After introducing the theoretical knowledge, let’s look at another example to see. (Note: all the results are in the VC6.0 development environment).

1. The Size of the empty class

class Car

{

};

 

void main()

{

       int size = 0;

       Car objCar;

       size = sizeof(objCar);

       printf(“%s %d /r”, “Class Car Size:”, size);

}

 

Output results: Class Car Size:1

 

What is this? I think the problem is not only a newly developed novice, but even the developers who have experienced C++ development experience for more than a few years may not be able to make it clear.

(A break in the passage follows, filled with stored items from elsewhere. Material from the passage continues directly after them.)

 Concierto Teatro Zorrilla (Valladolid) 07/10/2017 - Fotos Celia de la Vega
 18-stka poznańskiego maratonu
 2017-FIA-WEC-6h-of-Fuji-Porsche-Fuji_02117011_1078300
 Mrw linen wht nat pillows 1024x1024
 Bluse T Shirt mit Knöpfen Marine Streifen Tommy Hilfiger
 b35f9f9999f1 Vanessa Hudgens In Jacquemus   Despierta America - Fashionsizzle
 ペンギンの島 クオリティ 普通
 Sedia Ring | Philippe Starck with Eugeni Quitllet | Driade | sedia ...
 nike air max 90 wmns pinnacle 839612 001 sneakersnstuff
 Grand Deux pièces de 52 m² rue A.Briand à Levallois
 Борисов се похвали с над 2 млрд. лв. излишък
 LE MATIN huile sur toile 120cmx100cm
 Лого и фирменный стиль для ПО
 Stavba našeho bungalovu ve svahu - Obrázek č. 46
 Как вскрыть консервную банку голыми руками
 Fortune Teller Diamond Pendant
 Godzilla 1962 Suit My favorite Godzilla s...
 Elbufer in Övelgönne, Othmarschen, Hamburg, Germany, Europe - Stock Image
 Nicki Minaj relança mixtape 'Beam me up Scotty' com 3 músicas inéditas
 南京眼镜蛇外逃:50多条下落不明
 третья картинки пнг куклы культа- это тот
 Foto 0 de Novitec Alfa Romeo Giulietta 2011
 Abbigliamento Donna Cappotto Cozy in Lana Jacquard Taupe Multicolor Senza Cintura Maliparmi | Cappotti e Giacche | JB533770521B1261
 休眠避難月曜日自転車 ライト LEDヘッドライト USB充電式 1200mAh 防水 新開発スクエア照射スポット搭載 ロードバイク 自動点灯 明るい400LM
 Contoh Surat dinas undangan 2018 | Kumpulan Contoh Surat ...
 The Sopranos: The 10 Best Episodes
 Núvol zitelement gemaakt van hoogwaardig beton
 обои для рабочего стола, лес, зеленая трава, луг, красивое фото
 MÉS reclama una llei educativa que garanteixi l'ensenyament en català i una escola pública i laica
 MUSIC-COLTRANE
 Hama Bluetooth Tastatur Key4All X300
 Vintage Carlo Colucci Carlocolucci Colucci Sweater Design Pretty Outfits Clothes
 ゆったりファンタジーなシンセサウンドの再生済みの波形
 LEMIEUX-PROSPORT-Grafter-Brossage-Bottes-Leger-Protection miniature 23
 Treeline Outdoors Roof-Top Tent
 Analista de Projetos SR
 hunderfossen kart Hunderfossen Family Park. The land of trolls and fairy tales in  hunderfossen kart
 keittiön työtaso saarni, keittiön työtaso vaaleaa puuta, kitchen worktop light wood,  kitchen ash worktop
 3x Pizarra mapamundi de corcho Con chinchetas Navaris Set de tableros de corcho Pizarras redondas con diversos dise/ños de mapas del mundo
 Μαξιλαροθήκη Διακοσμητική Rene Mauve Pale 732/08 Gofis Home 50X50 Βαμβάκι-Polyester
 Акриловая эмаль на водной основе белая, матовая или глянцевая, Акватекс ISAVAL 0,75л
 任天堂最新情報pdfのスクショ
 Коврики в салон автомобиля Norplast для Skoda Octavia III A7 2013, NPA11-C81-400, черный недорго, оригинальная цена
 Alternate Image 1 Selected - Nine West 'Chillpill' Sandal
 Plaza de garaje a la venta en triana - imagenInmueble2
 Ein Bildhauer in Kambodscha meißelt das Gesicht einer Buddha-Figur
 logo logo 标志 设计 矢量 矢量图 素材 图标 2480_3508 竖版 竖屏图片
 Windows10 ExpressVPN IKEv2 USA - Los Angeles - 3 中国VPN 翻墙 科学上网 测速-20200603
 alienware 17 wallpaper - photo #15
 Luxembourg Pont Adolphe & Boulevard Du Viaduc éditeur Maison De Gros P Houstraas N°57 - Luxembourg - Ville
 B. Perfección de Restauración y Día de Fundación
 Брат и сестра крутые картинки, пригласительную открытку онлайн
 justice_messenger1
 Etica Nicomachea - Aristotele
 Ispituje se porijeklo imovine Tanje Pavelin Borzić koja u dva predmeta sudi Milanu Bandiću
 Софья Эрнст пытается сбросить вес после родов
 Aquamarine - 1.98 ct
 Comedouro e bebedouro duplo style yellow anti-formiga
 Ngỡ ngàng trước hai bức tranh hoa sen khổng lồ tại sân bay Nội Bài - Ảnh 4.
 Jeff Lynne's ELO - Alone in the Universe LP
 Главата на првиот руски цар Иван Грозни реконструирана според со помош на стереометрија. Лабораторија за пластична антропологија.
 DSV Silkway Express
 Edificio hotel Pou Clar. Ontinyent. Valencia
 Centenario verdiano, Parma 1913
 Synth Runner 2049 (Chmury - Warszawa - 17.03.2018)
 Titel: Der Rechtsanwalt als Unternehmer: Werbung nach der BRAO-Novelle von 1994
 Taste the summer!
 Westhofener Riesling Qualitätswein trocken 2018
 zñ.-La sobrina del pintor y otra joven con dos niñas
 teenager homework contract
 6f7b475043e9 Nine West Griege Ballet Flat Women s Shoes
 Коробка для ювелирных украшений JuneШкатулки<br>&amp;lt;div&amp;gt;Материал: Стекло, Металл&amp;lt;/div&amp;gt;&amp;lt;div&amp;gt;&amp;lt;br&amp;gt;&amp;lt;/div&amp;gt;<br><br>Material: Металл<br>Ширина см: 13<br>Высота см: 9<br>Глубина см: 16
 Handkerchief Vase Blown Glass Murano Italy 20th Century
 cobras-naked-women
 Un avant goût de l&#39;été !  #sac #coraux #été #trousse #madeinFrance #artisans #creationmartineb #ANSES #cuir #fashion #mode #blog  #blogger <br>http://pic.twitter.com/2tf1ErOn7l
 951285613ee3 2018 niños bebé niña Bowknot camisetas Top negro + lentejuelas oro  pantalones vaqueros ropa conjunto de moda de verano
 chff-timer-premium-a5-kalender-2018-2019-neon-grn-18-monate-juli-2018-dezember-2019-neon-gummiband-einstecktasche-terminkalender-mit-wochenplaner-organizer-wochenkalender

The compiler needs to make a Object of Class Car after executing Car objCar. And the address of the Object is unique, so the compiler creates an implicit byte space for the empty class.

 

 

Two. Only Size of the member variables

class Car

{

private:

       int nLength;

       int nWidth;

};

 

void main()

{

       int size = 0;

       Car objCar;

       size = sizeof(objCar);

       printf(“%s %d /r”, “Class Car Size:”, size);

}

 

Output results: Class Car Size:8

The result is clear to many developers. In the 32 bit system, the integer variable accounts for 4 bytes. Here Class Car contains two integer type member variables, so Class Size is 8.

 

class Car

{

private:

       int nLength;

       int nWidth;

       static int sHigh;

};

 

void main()

{

       int size = 0;

       Car objCar;

       size = sizeof(objCar);

       printf(“%s %d /r”, “Class Car Size:”, size);

}

Output results: Class Car Size:8

We added a static member variable in Class Car this time, but Class Size is still 8 bytes. This is exactly the first in the conclusion: the sum of non static member variables.

 

class Car

{

private:

       char chLogo

       int nLength;

       int nWidth;

       static int sHigh;

};

 

void main()

{

       int size = 0;

       Car objCar;

       size = sizeof(objCar);

       printf(“%s %d /r”, “Class Car Size:”, size);

}

Output results: Class Car Size:12

A character variable is inserted in the class, and the result is that Class Size becomes 12. This is an additional 3 character variables added by the compiler to do data alignment, in order to improve the computing speed of CPU. What the compiler adds is something we can’t see. It also conforms to the conclusionSecond: add the data alignment processing of the compiler for CPU calculation.

Now that we define class members, the data compiler adds extra space. So why don’t we consider the problem of data alignment when we define a class, we can define more than 3 character type variables as reserved variables, which can satisfy the requirements of data alignment and add some extensible to their own programs.Space.

 

Three. Only the Size of the member function

class Car

{

public:

       Car(){};

       ~Car(){};

public:

       void Fun(){};

};

 

void main()

{

       int size = 0;

       Car objCar;

       size = sizeof(objCar);

       printf(“%s %d /r”, “Class Car Size:”, size);

}

Output results: Class Car Size:1

Oh, what’s the matter? Do an experiment and look at it.

class Car

{

public:

       Car(){};

       ~Car(){};

public:

       void Fun(){};

private:

       int nLength;

       int nWidth;

};

 

void main()

{

       int size = 0;

       Car objCar;

       size = sizeof(objCar);

       printf(“%s %d /r”, “Class Car Size:”, size);

}

Output results: Class Car Size:8

It should be clear this time. A function does not occupy a class space. The Size in the first example is 1 bytes. It is the compiler that creates a hidden byte space for the class.

 

class Car

{

public:

       Car(){};

       virtual ~Car(){};

public:

       void Fun(){};

};

 

void main()

{

       int size = 0;

       Car objCar;

       size = sizeof(objCar);

       printf(“%s %d /r”, “Class Car Size:”, size);

}

Output results: Class Car Size:4

This time, let the destructor function as a virtual function and see that the Class Size is 4. This is the Size pointing to the pointer VPTR of Virtual Table. This coincides with the third in the conclusion: plus the additional burden generated to support the virtual function.

 

So far, how much memory space a Class Object occupies has been fully stated. However, this is only applicable to a single class, or a base class. For subclasses, they are different. Interested friends can do some experiments.